But today I wanted to build on my earlier post, "My Location Is a Box of Cereal," and Think Out Loud a bit about what I'd really like to do on Foursquare: I'd like to check into a state of mind.
What do I mean by that?
Well, imagine that instead of checking into a physical location, as Foursquare is mostly constrained today, I check into the state of mind I might call "In the market for a car." Or perhaps I check into "playing a great game of poker with my friends." Or maybe I check into "pretty bummed out about the death of my cat."
I think you get the point. The check in is, as I've argued elsewhere, more than a declaration of where I am. It's also a declaration of my state of mind, as well as my openness to a response from someone who might provide me with value.
In short, the checkin is a search, waiting for a response. And there's no reason to constrain that search query to location.
What matters is that as users of this particular brand of search, we get good results. And the jury is well out on that concept, at least to date.
Here's what I'd like to have happen when I check in to the state of mind I'll call "In the market for a car." This is a commercial checkin, of course, and I'd be well aware of that when I checked in. So what might I expect?
First, the ecosystem of businesses eager to sell me a car become aware of my status, and are prepared to respond in an instrumented fashion. I use the word "instrumented" very directly here - the last thing I want is a bunch of spam results - pointless, irrelevant come ons for brands or models in which I most likely have no interest. If that's what I wanted, I'd just use a search engine. After all, most of search is instrumented, for the most part, against my query, and my query alone. On a service like Foursquare, I'd expect the response to be far more nuanced.
How? Well, I've given Foursquare permission to use my Facebook social graph, for one, and my Twitter interest graph, for another. So when I check into Foursquare, I'd expect a response that understands who I am, who I know, what my interests are, and how I compare, as a cohort, to others like me, who may have also in the past checked into a similar "state of mind."
Add even more social and interest data to the mix, and you can see how this starts to get pretty interesting.
I'd expect a response that 1. knows who I am is personalized in a meaningful way, 2. surprises or delights me with an offer of value to my search, and 3. respects the fact that I might not be ready to act, at least not yet.
Organizing all this data and response isn't an easy task. But then again, neither was building out the infrastructure we currently understand to be search. Once the checkin is loosed from the chains of pure location, the potential for connecting to customers in conversation at scale, and at an intimate level, is far too great for this use case to not exist.
A final thought on Foursquare, since I'm on about it. I really wish it was easier to create temporary or unique "venues" or states of mind. For example, last night about 125 folks came to the Web 2 dinner at a local SF restaurant. Many of them "checked into" the actual restaurant, but wouldn't it have been a lot more fun if, when they came and fired up Foursquare, they saw a new "venue" that had been created, perhaps by the first person there, or perhaps by the organizer, called "The Web 2 Premiere Dinner"? And further, wouldn't it be cool if the organizer, sponsor, or anyone else involved in the dinner could attach some kind of value to folks who might check in?

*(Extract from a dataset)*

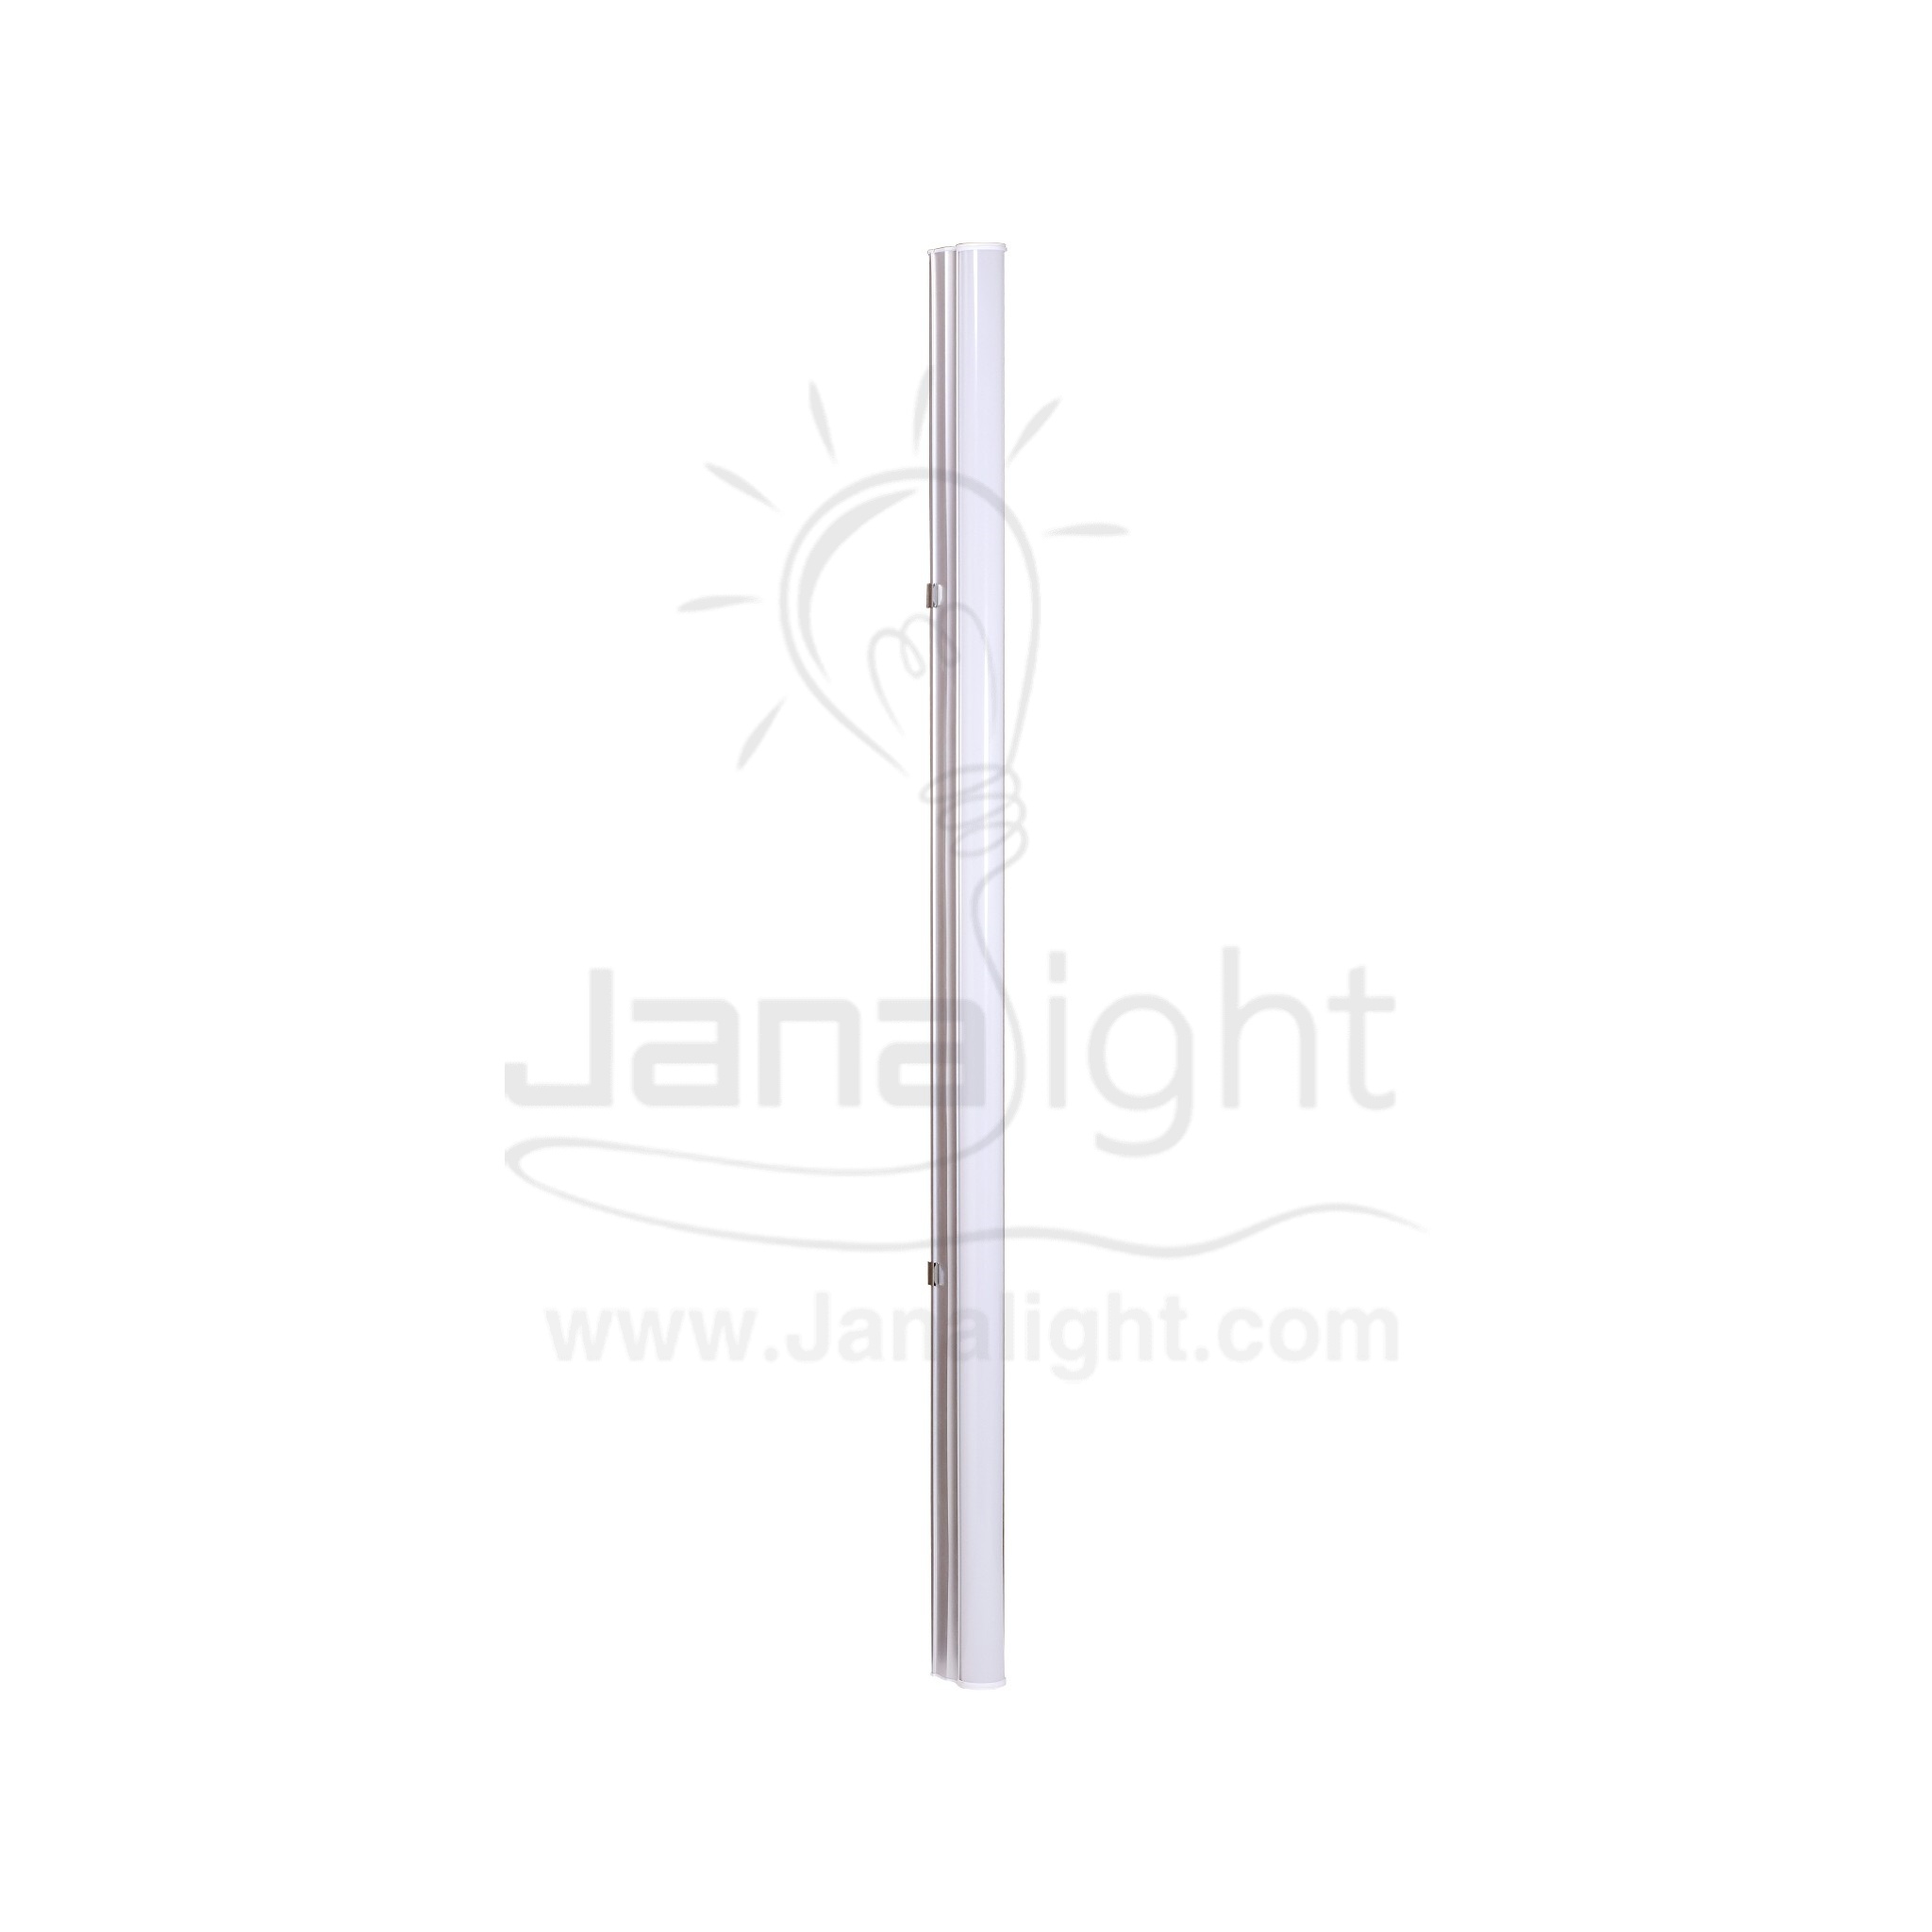 كشاف لد تي فايف 90 سم 14 وات ابيض جنى لايت T5 led lamp rectangle tube light 90cm 12w white Janalight 10322116(1)
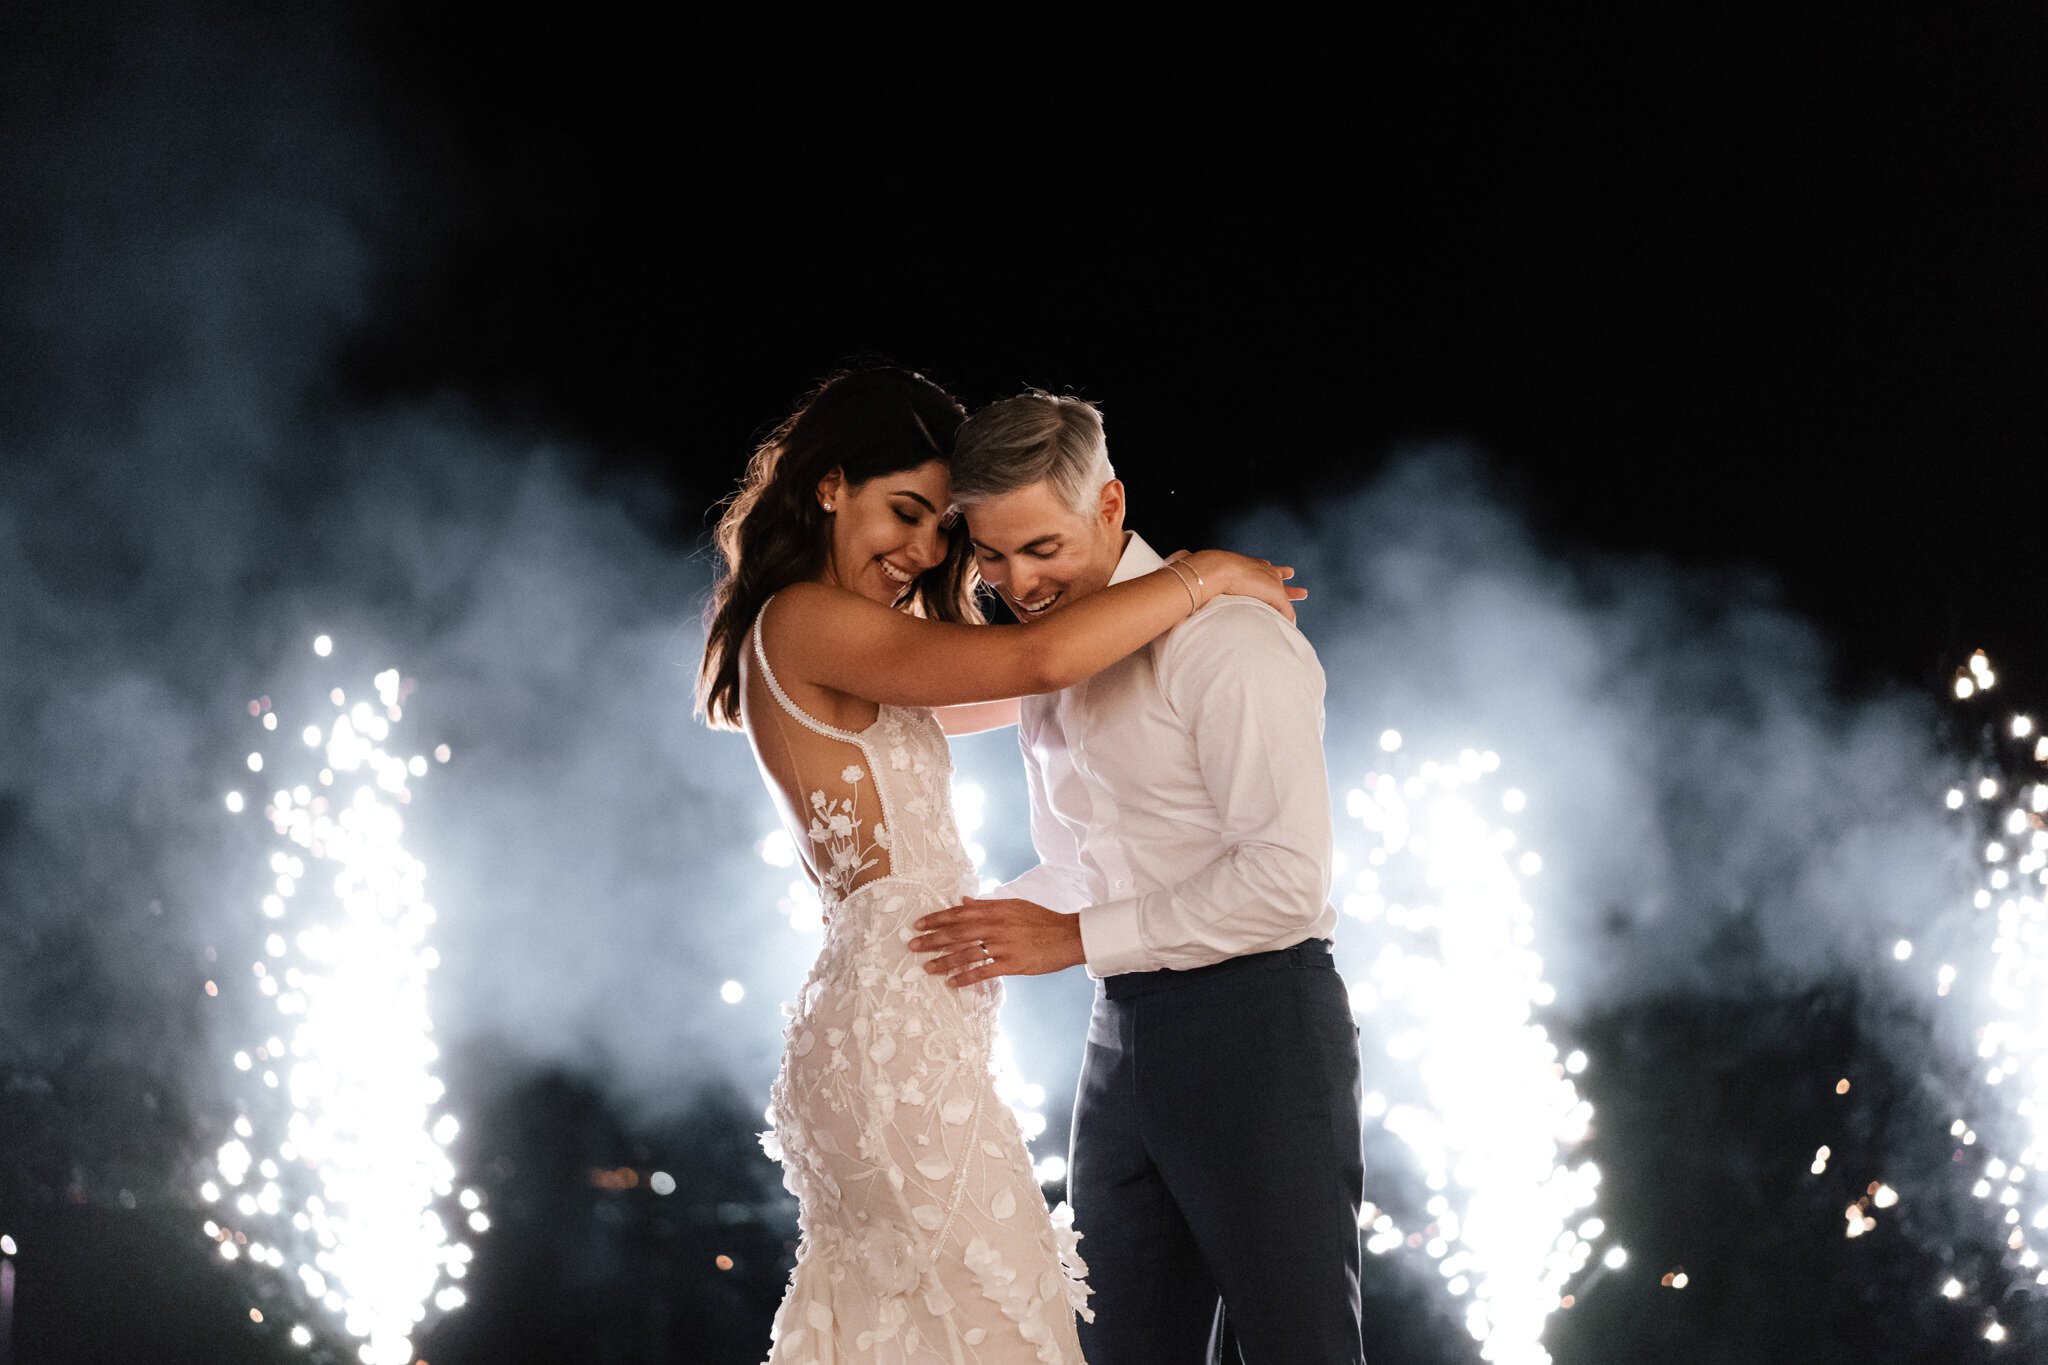 Greece+Santorini+Rhodes+wedding+photogtaphy-215.jpg

Now sure, I know you can create a new venue on the fly, and many do (I saw a pal who checked into "The Dog House" a while back, because he did something that upset his wife. I loved that). But the process to do so is awkward and difficult at best. Foursquare can and should encourage such behavior, and provide resources for us to intelligently curate the results.
Doing so would be a big step toward an ecosystem of search that was driven by the equivalent of a "social query" driven by a state of mind as much a location. And when the two connect, well, so much the better (read The Gap Scenario for more on that.)
OK, back to work, all.
For all 185K of you RSS readers out there, here are the past week or so of Signals:
Monday Signal: Finally, a Slow Weekend. Sort Of.
Friday Signal: Who Needs Basketball? We Have Signal.
Weds. Signal: More Noise, Same Signal
Tuesday Signal: A Fourth of News
Thanks for reading, all of you. I'm still stunned at the growth of my RSS feed, from 130K or so to 185K in just a few months. I don't deserve it, given how sparse my postings have been.
(image ) I just reviewed this presentation from Paul Adams, research lead for social at Google (embedded below). He works on Buzz and YouTube, and presumably, whatever is next from Google, including the rumored "Google Me."
His presentation is good, and worthy of your time if you are interested in the impact of social media on culture and business. Note, however, that it's clearly biased against Facebook, coming as it does from Google. It's in Google's interest to deconstruct Facebook as a service, finding faults along the way, which this presentation does in spades.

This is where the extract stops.